Armed Irish police have seized a lorry cab that is believed to have taken to Belgium the refrigerated container in which 39 migrants died.
The blue Scania cab belongs to Ronan Hughes, a convicted cigarette smuggler, and was seized at Dublin port on Saturday. Mr Hughes is also understood to have leased the container in which the bodies were found.
The cab is believed to have delivered the container to Zeebrugge last week. Mr Hughes is a haulier from Co Monaghan on the border with Northern Ireland who was jailed in 2009 for smuggling six million cigarettes into the UK.
The operation to identify the dead and carry out post-mortem examinations continued over the weekend as blood and hair samples were shared with Vietnamese officials.
It is now believed that as many as 25 of the victims were from Vietnam. Accounts from families searching for missing relatives suggest the victims were among as many as 100 migrants who had paid to be slipped into the UK using the high-risk approach.

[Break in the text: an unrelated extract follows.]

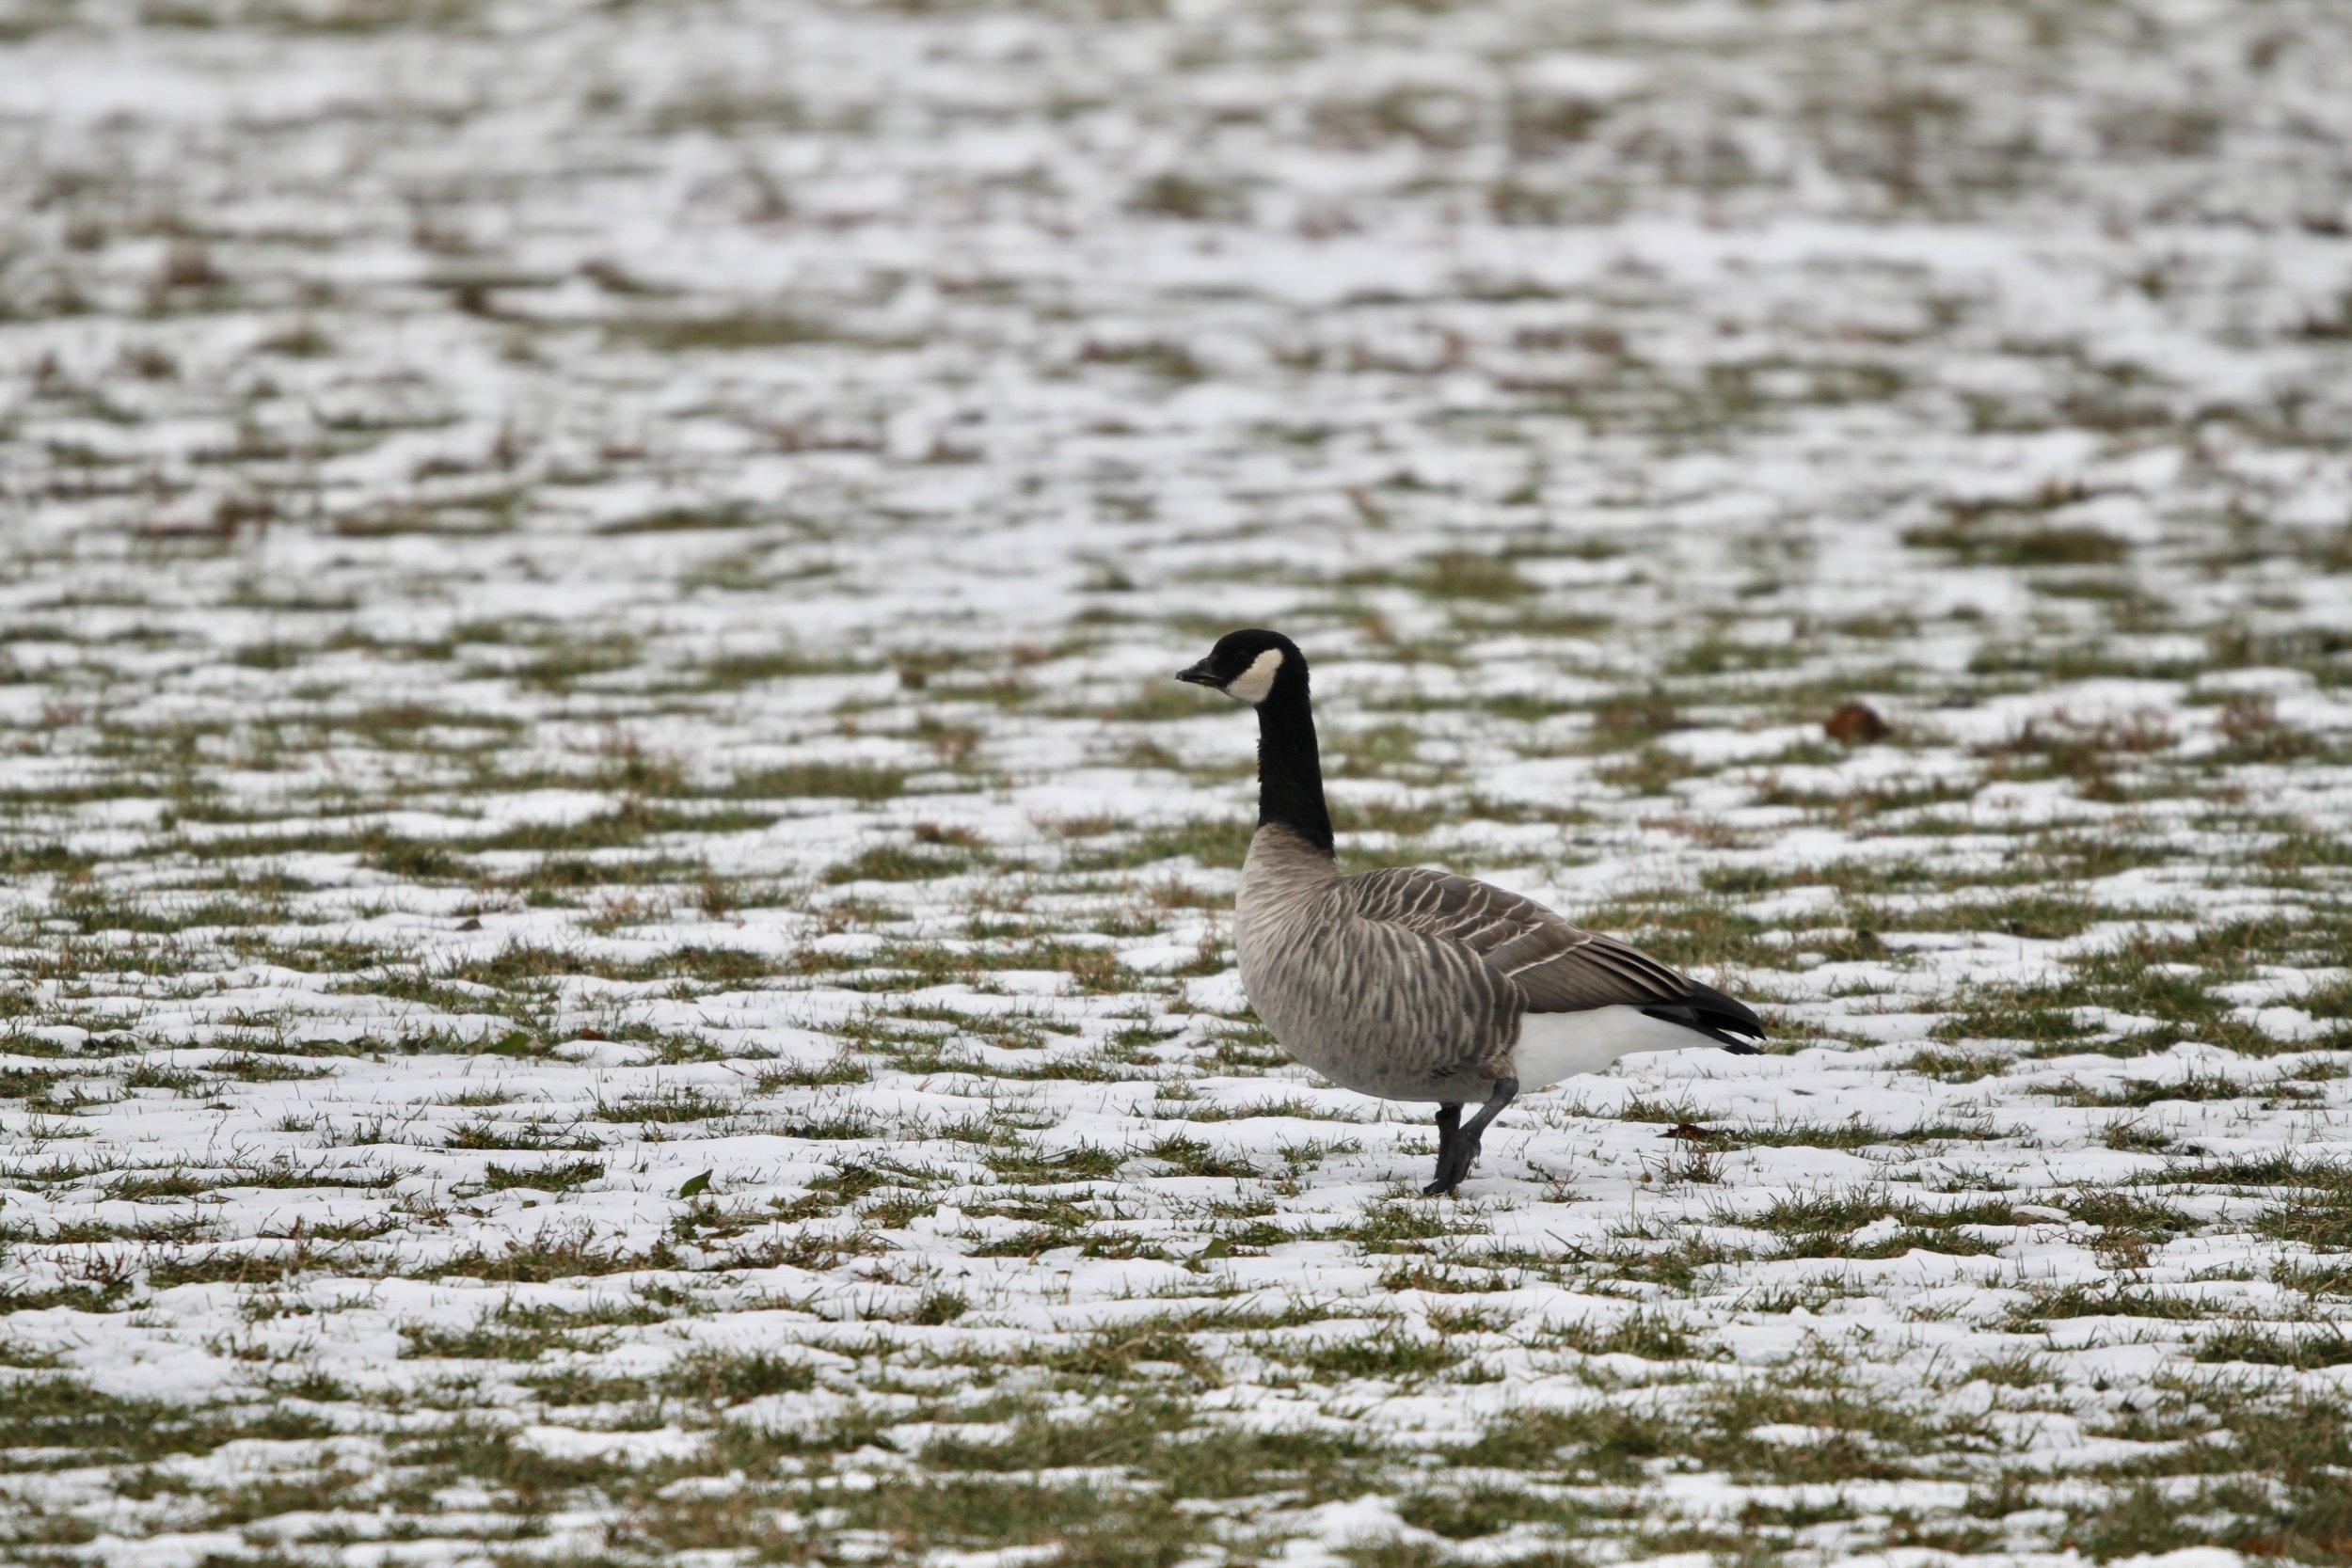 A Cackling Goose present in Calumet Park in Chicago in November 2018.

The cab seized in Dublin was taken to Santry police station in the north of the city. Like the cab that picked up the container in which the victims died, it has Bulgarian number plates.
The driver, Eamon Harrison, 23, was arrested on an unrelated warrant for assault and criminal damage dating back to September last year as he arrived at Dublin port from France on Saturday and appeared at Dublin district court the same day. He was remanded in custody to appear at Cloverhill district court on October 30.
His was the fifth arrest with links to the investigation into the deaths of eight women and 31 men were found in the back of a lorry on an industrial estate in Essex in the early hours of Wednesday morning.
Mr Hughes was jailed for two and a half years in 2009 after he was stopped going to Dover from France with 1,180 boxes of cigarettes hidden inside pallets of fruit. There is no suggestion that he was aware of the plot to smuggle migrants using the cab or the container.
The Times revealed last week that GPS data showed the container in which the 39 migrants died had made a previous trip to Belgium that week and on both journeys it stopped in Dunkirk and Calais.